Monday, October 30, 2017

SEC Enforcement co-director touts new retail investor, cybersecurity initiatives

By Amanda Maine, J.D.

Stephanie Avakian, co-director of the SEC’s Division of Enforcement, outlined the Division’s recent initiatives on protecting retail investors and strengthening the SEC’s cybersecurity efforts. Avakian’s remarks were delivered at a keynote speech at the Securities Docket’s annual enforcement forum in Washington, D.C.

Priorities identified. Avakian stressed that although the SEC, under the direction of new Chairman Jay Clayton, has made retail investors and cybersecurity priorities for the Division, the SEC’s broad mission of protecting investors has not changed. Avakian emphatically rejected the notion that the prioritization of these issues would direct resources away from other Commission enforcement activities, such as combatting financial fraud and policing Wall Street.

Retail investors.

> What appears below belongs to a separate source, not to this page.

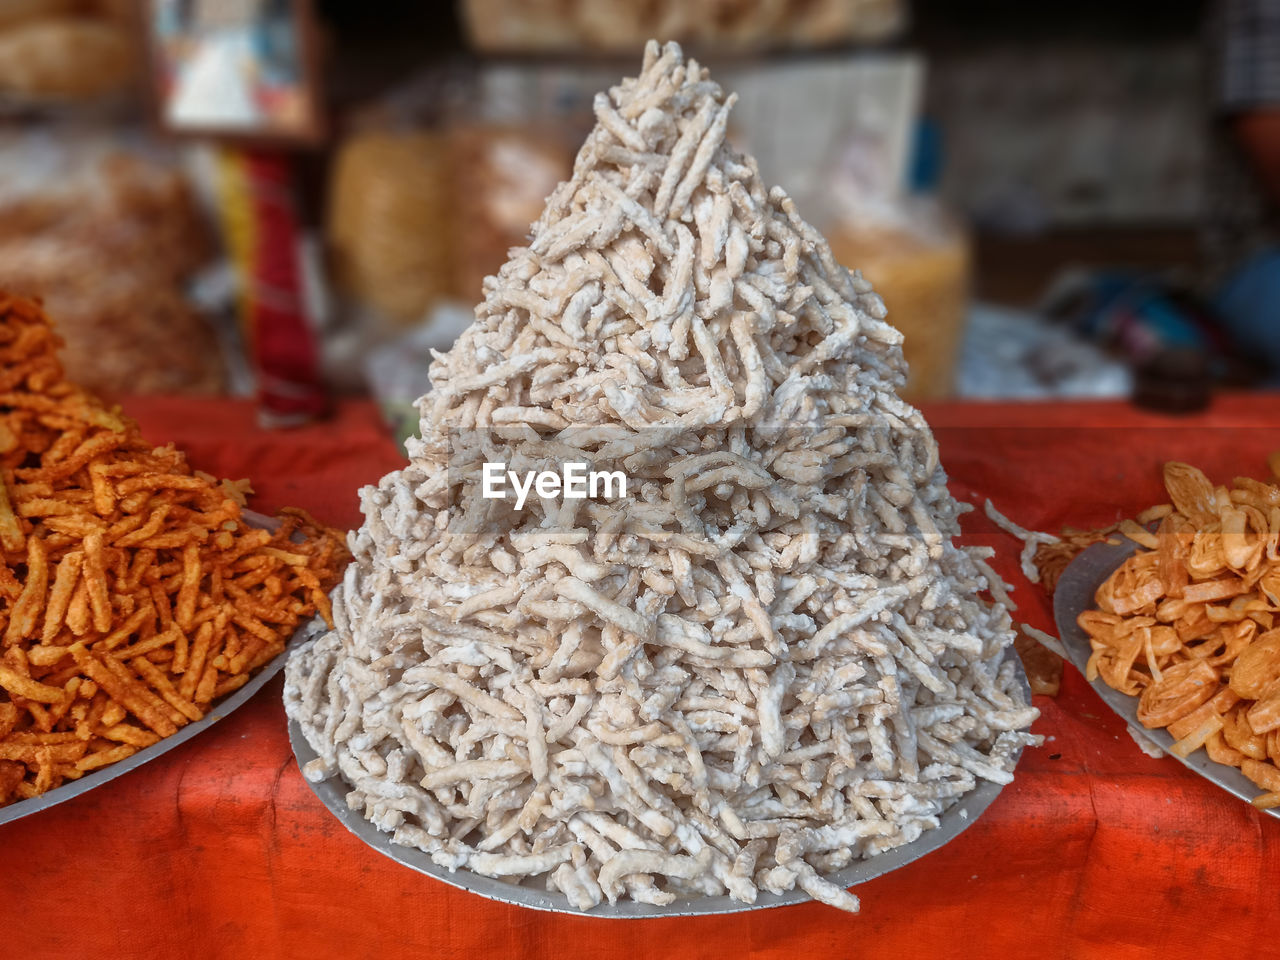 food and drink, food, market, market stall, retail, freshness, dried food, business finance and industry, business, variation, asian food, abundance, dish, no people, spice, large group of objects, focus on foreground, healthy eating, for sale, selling, wellbeing, dry, tradition, container, meal

Chairman Clayton has emphasized the importance of the “Main Street investor.” In particular, the Commission should always take into account the long-term interests of “Mr. and Mrs. 401(k).” The SEC’s priorities under Clayton reflect this belief with the Enforcement Division establishing a Retail Strategy Task Force. The task force will employ the use of data analytics and technology to help detect widespread misconduct, Avakian said. While the task force does not have dedicated staff to conduct investigations themselves, it will refer possible targets for investigation across the Division, according to Avakian.

Avakian gave some examples about what kind of conduct would be targeted under the prioritization of misconduct against retail investors. The SEC will look at firms that charge undisclosed fees to investors, as well as practices such as “churning” that generate large commissions to advisers at the expense of investors. The SEC will also scrutinize incidents where financial industry professionals recommend risky investment vehicles to investors, such as those saving for retirement, for whom such investments are unsuitable.

She also stressed that enforcement alone is not enough to protect retail investors. The task force will be engaged in investor outreach as well, Avakian said.

Cybersecurity. Chairman Clayton issued a statement on cybersecurity last month emphasizing the importance of evaluating cyber risks. The cybersecurity issue hit closer to home with the Commission’s revelation of a cybersecurity breach of its EDGAR system last year. In the wake of cybersecurity incidents, Avakian outlined three main issues that the Division hopes to tackle with respect to cybersecurity. The first is targeting those engaging in activity such as hacking to gain an unlawful market advantage. As an example, she cited individuals who, through illegal hacking, obtain material, nonpublic information such as an upcoming merger and trade on that information prior to a public announcement of the transaction.

The Division will also focus on registered entities’ failures to take appropriate steps to ensure system integrity, Avakian said. The SEC has in recent years adopted several regulations aimed at the protection of systems that are risk-based and flexible. The Enforcement Division also coordinates with the Office of Compliance Inspections and Examinations (OCIE) regarding cyber concerns. OCIE has issued a Risk Alert detailing observations gained from inspections of SEC-registered broker-dealers, investment advisers, and investment companies about their cybersecurity preparedness.

A third issue regarding cybersecurity, according to Avakian, involves cyber-related disclosure failure. While the SEC has not yet brought a case on this issue, Avakian indicated that the increased scrutiny on cybersecurity could result in actions against companies that do not disclose cyber-related issues. She pointed to the Division of Corporation Finance’s guidance from 2011 about “meaningful and timely disclosures” about cybersecurity concerns. However, she assured that the Division has no intention of second-guessing decisions regarding cybersecurity disclosures if they are reasonable and well-informed.

Technology issues will be a priority for the Division, Akavian said. These include blockchain technology and initial coin offerings (ICOs). The SEC issued a statement in July indicating that ICOs can be treated like securities under the federal securities laws. Blockchain technology and ICOs have gained attention recently, and it makes sense to consolidate enforcement efforts to evaluate them, Avakian said.